After spending wasting more than a couple of hours on this “hobby,” I convinced Rob to let me pop over and guest blog about some of the business card mistakes we see over and over again.
- No do-it-yourself business cards . . . Please don’t hand me a business card with “dangling chads”. You know what I mean – those little tiny paper tabs that are left behind when you tear apart yourself printed business cards. This tells me that either business cards were an afterthought, or you’ve been in business about 59 minutes, because with the plethora of online print shops and business supply stores on every corner, there’s pretty much no reason why you can’t have cards printed if you’ve been in business any longer than that.
- Tell me how to contact you! I can’t believe I actually have to type this, but please, please, please include an email address and phone number on your cards. I’m begging you people. How else am I supposed to get in touch with you, certified mail?? And, if you don’t have an email address, go get one now – that’s an order!
- No superhero names! This past week, I came across several cards where people had included terms like “The Accelerator” or “The (insert random word here)-ator” in prominent italic type under their name. Now, I know they are probably trying to use a catchy term to describe some certification, or business specialty they have, but this is not the place where you need to be creative on your business card. When I see The Negotiator on your business card, it leaves me guessing whether you broker contract negotiations, or whether that’s your moniker from your former WWF wrestling days.

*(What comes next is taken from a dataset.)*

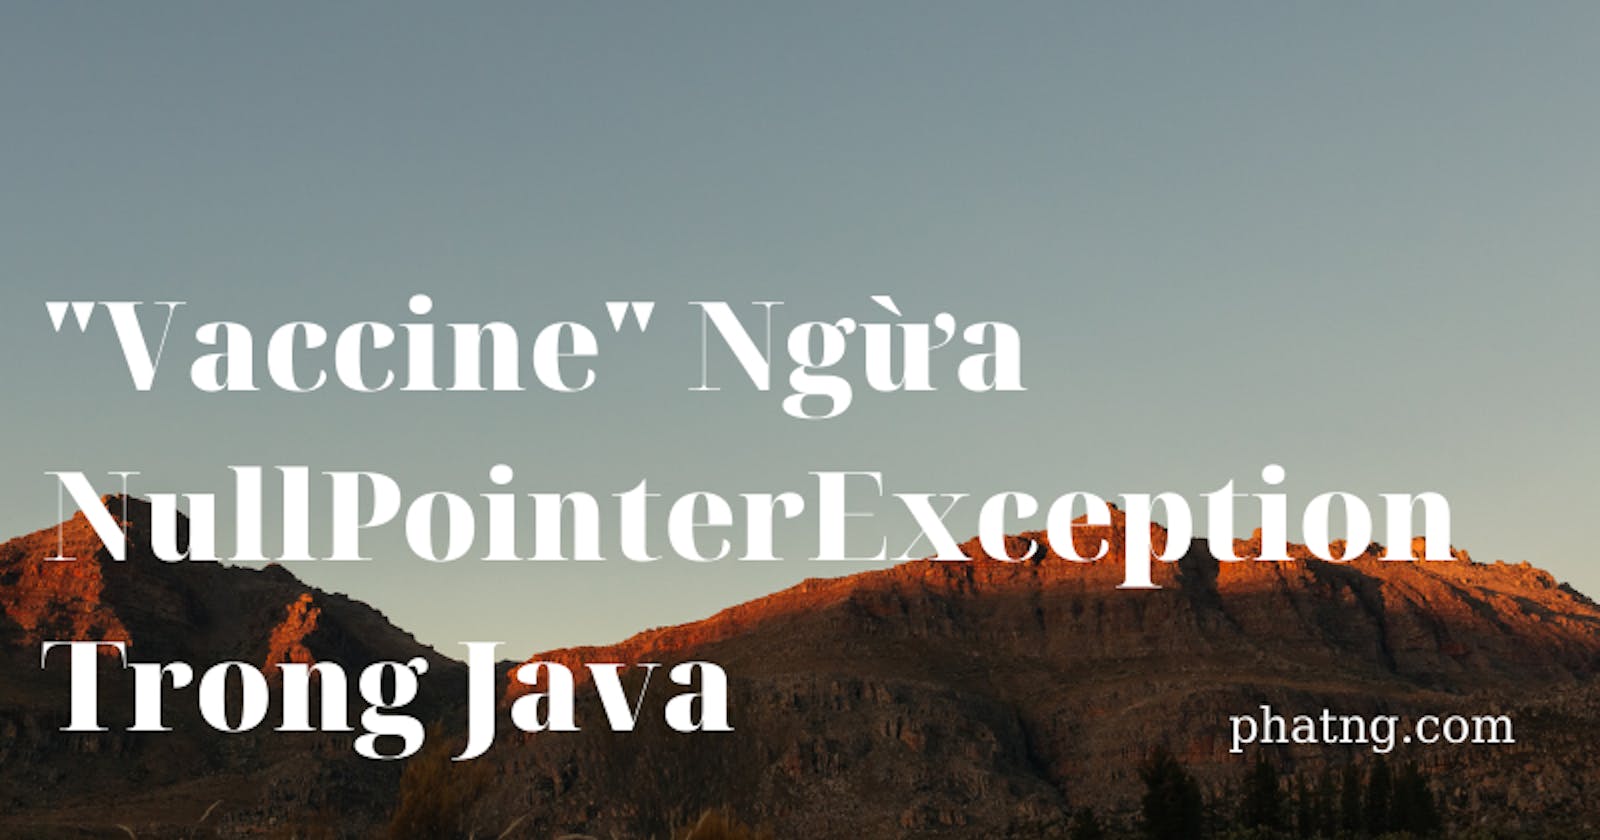 "Vaccine" ngừa NullPointerException trong Java

- Make up your mind what you do for a living . . . I admit, we have our proverbial eggs in many baskets, and we are the first to promote the concept of having multiple streams of income, but they are not all listed on the same business card. When I see a business card telling me you specialize in business coaching, arbitration and you sell real estate, I just can’t be convinced you take any of these things seriously. If you really do specialize in all of these areas, get a different card to each one, and hand out the appropriate card to the appropriate person.
- Make up your mind who you are . . . Don’t hand out business cards with you and your wife’s name on it, unless you have a very good reason. Don’t hand out someone else’s card either, with or without the other person’s name scribbled out.
- If your details change, get new cards! When you scrawl your email address across the back of your card and I can’t read it, I move on and contact someone else. Business cards are cheap, and with the ready availability of professional printing previously discussed in point number 1 above, there’s pretty much no reason why you can’t print new ones.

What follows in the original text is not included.